Artemisinin is an antimalarial drug derived from the sweet wormwood. Artemisinin is a sesquiterpene lactone (a compound composed of three isoprene units bound to cyclic organic esters) distilled from the dried leaves or flower clusters of the sweet wormwood. The antifebrile (fever-reducing) properties of the plant were first discovered in the 4th century AD by Chinese doctors, who called the plant Artemisia annua and recommended a natural medicine in the form of artemisia annua tea. In the centuries that followed, the drug was commonly used to treat hemorrhoids and malaria. The active agent artemisinin was isolated from plants in the 1970s; The compound is widely known as artemisinin. Today, several artemisinin derivatives, including artesunate and artemether, are used to treat malaria.

Artemisinin is effective against all the malaria-causing protozoans of the plasmodium genus. The drug is particularly suitable for the treatment of infections with the chloroquine-resistant parasite and multidrug-resistant plasmodium falciparum, the most deadly of malaria protozoans. Artemisinin targets plasmodium at the schizozoite stage of development. The schistozoites mature from the cospore -- a parasitic form transmitted to humans from anopheles mosquito saliva -- and contain insoluble iron called hemozoin. Hemozoin is formed in schizozoites because they feed on hemoglobin in the cytoplasm of human red blood cells. Artemisinin contains a peroxide group that reacts with heme, a reaction that is suspected of causing the production of free radicals that attack parasite proteins, killing the organism.

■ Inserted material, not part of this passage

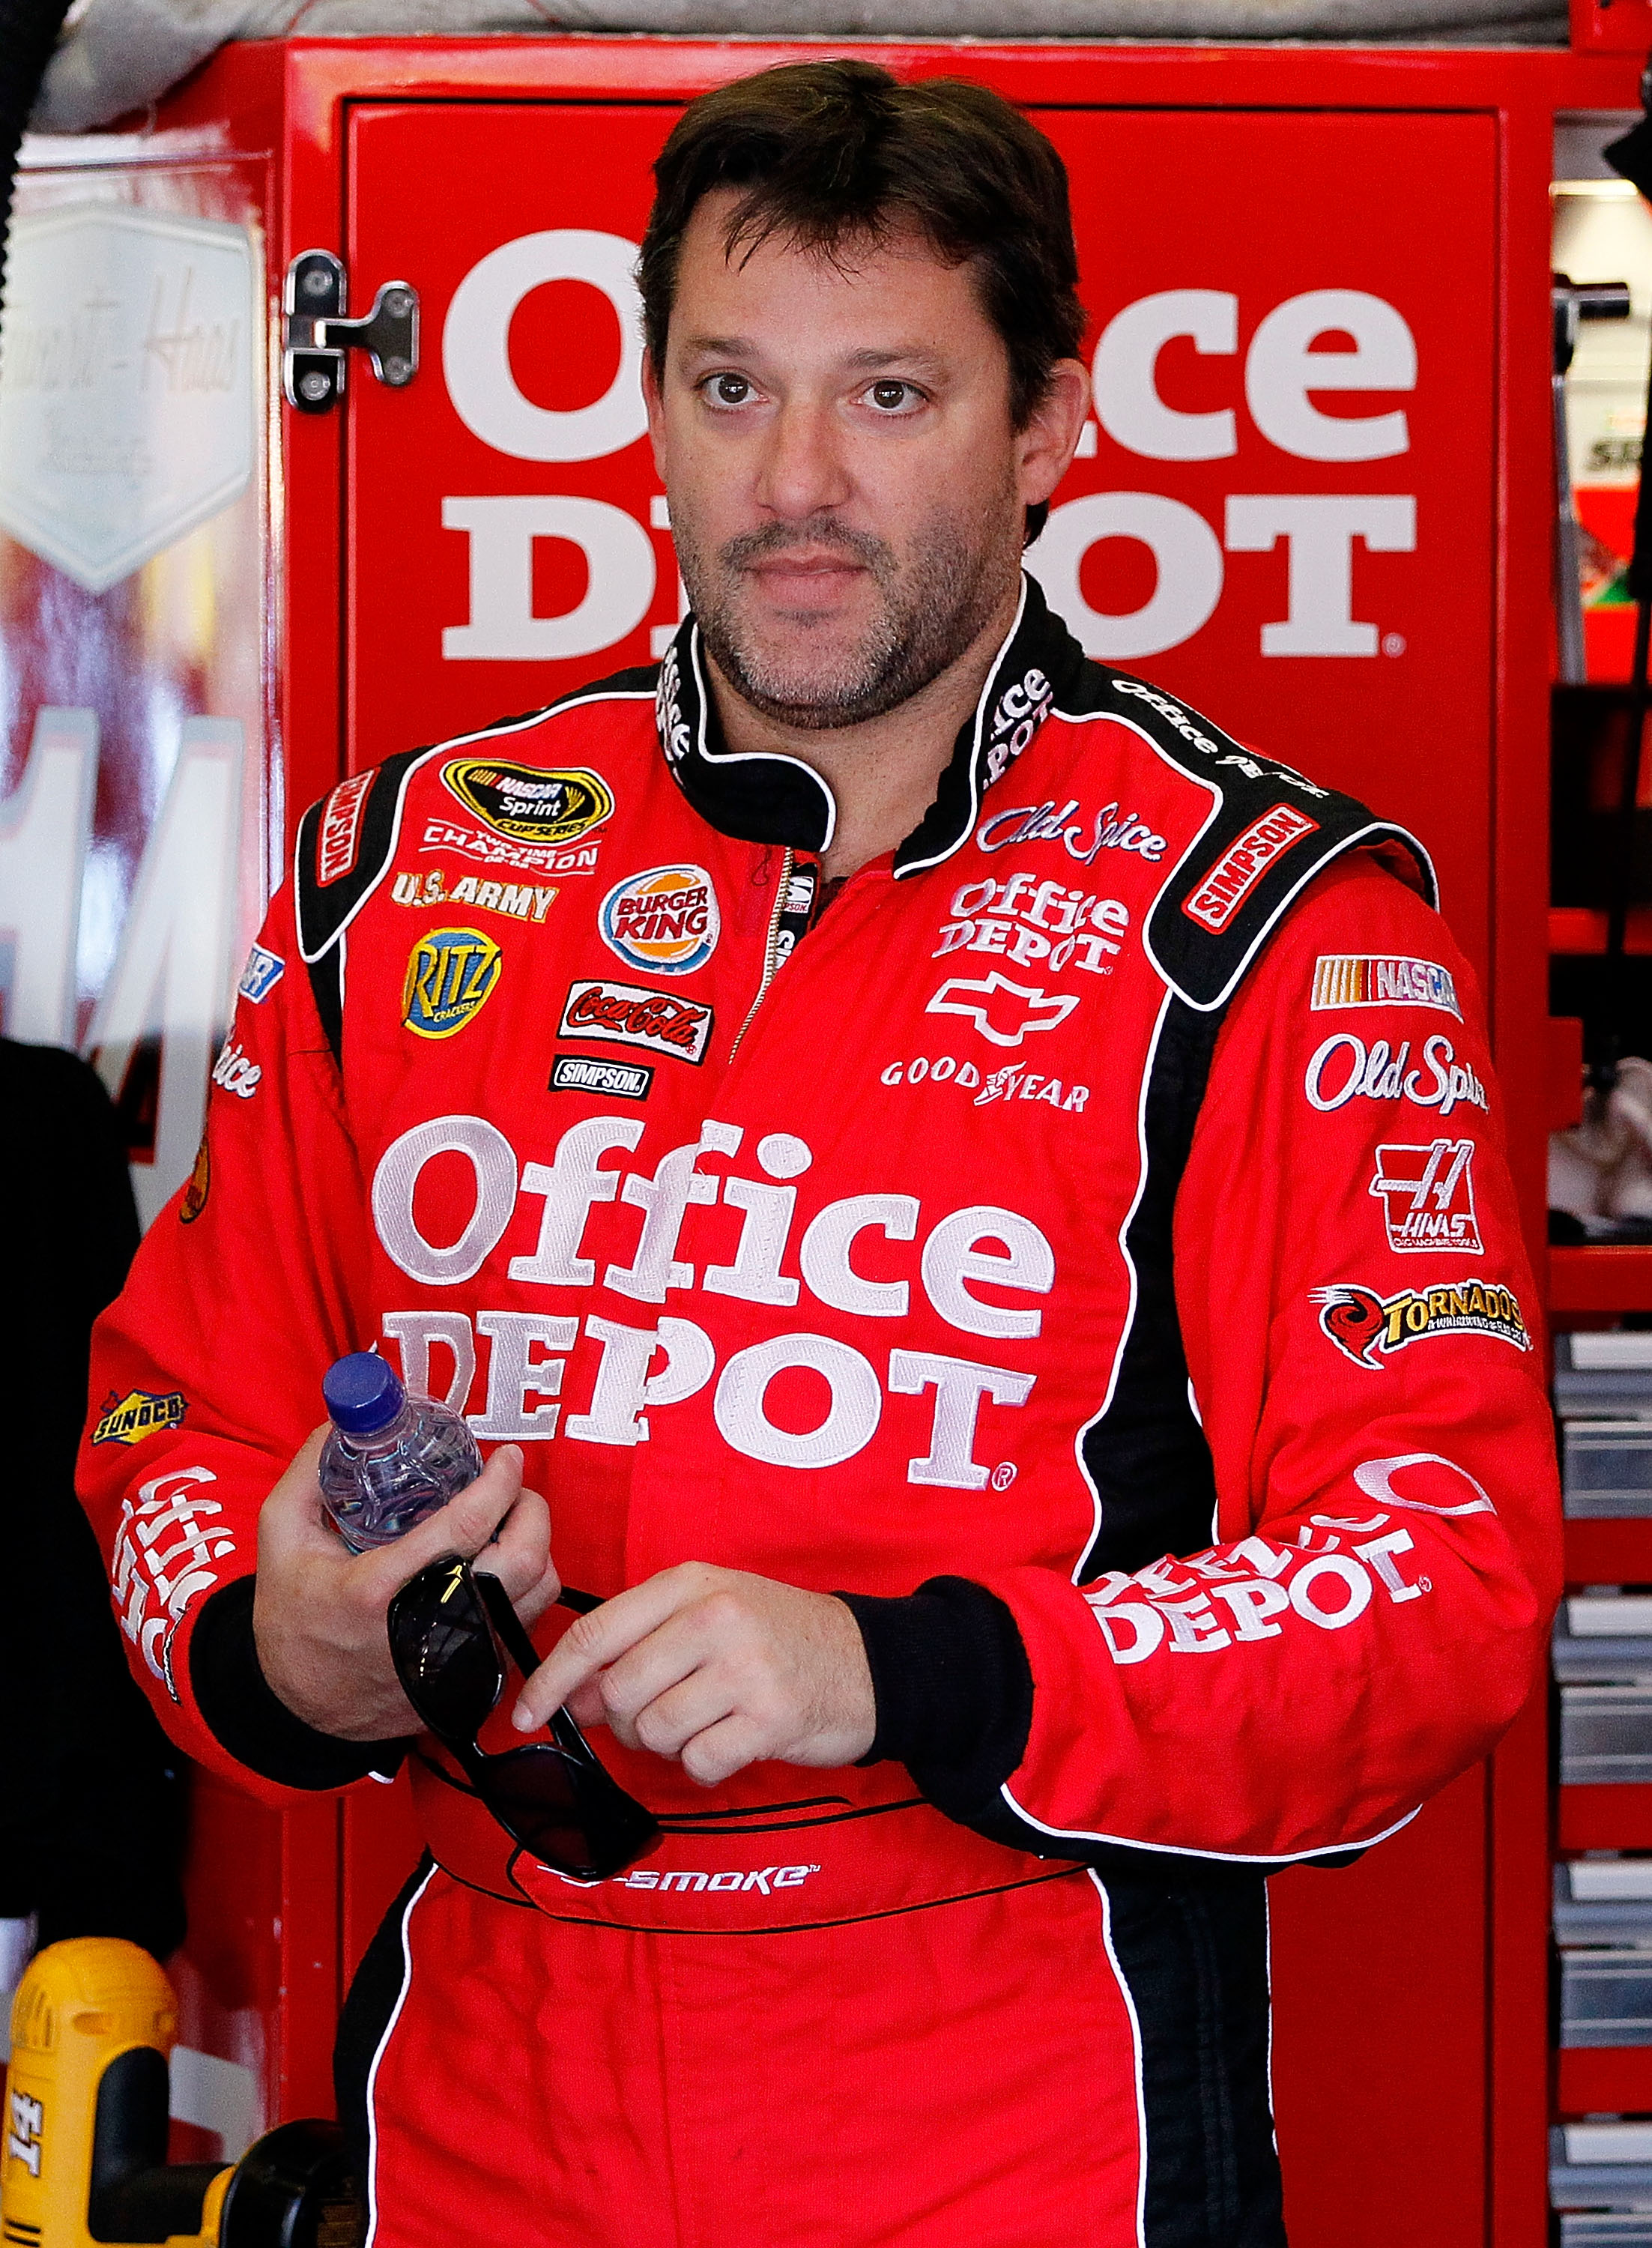 TALLADEGA, AL - OCTOBER 29:  Tony Stewart, driver of the #14 Old Spice/Office Depot Chevrolet, stands in the garage during practice for the NASCAR Sprint Cup Series AMP Energy Juice 500 at Talladega Superspeedway on October 29, 2010 in Talladega, Alabama.

Artemisinin can be given orally, intramuscular or as a suppository. The drug reached peak plasma levels within hours of administration and acted quickly, significantly reducing the burden of the malaria parasite in the first few days of treatment. Artesunate is unique among artemisinin-derived drugs because it can be administered intravenously, allowing the drug to take immediate effect. For this reason, artesunate is used to treat cerebral malaria, an acute disease characterized by the rapid spread of the parasite to the brain and death within 72 hours if left untreated. Artemisinin appears to have few side effects in humans. However, animal studies have shown that high doses can cause neurotoxic symptoms, including respiratory depression and gait instability. These symptoms have been linked to brain stem degeneration, but it is unclear whether humans experience similar neurodegenerative effects at high doses.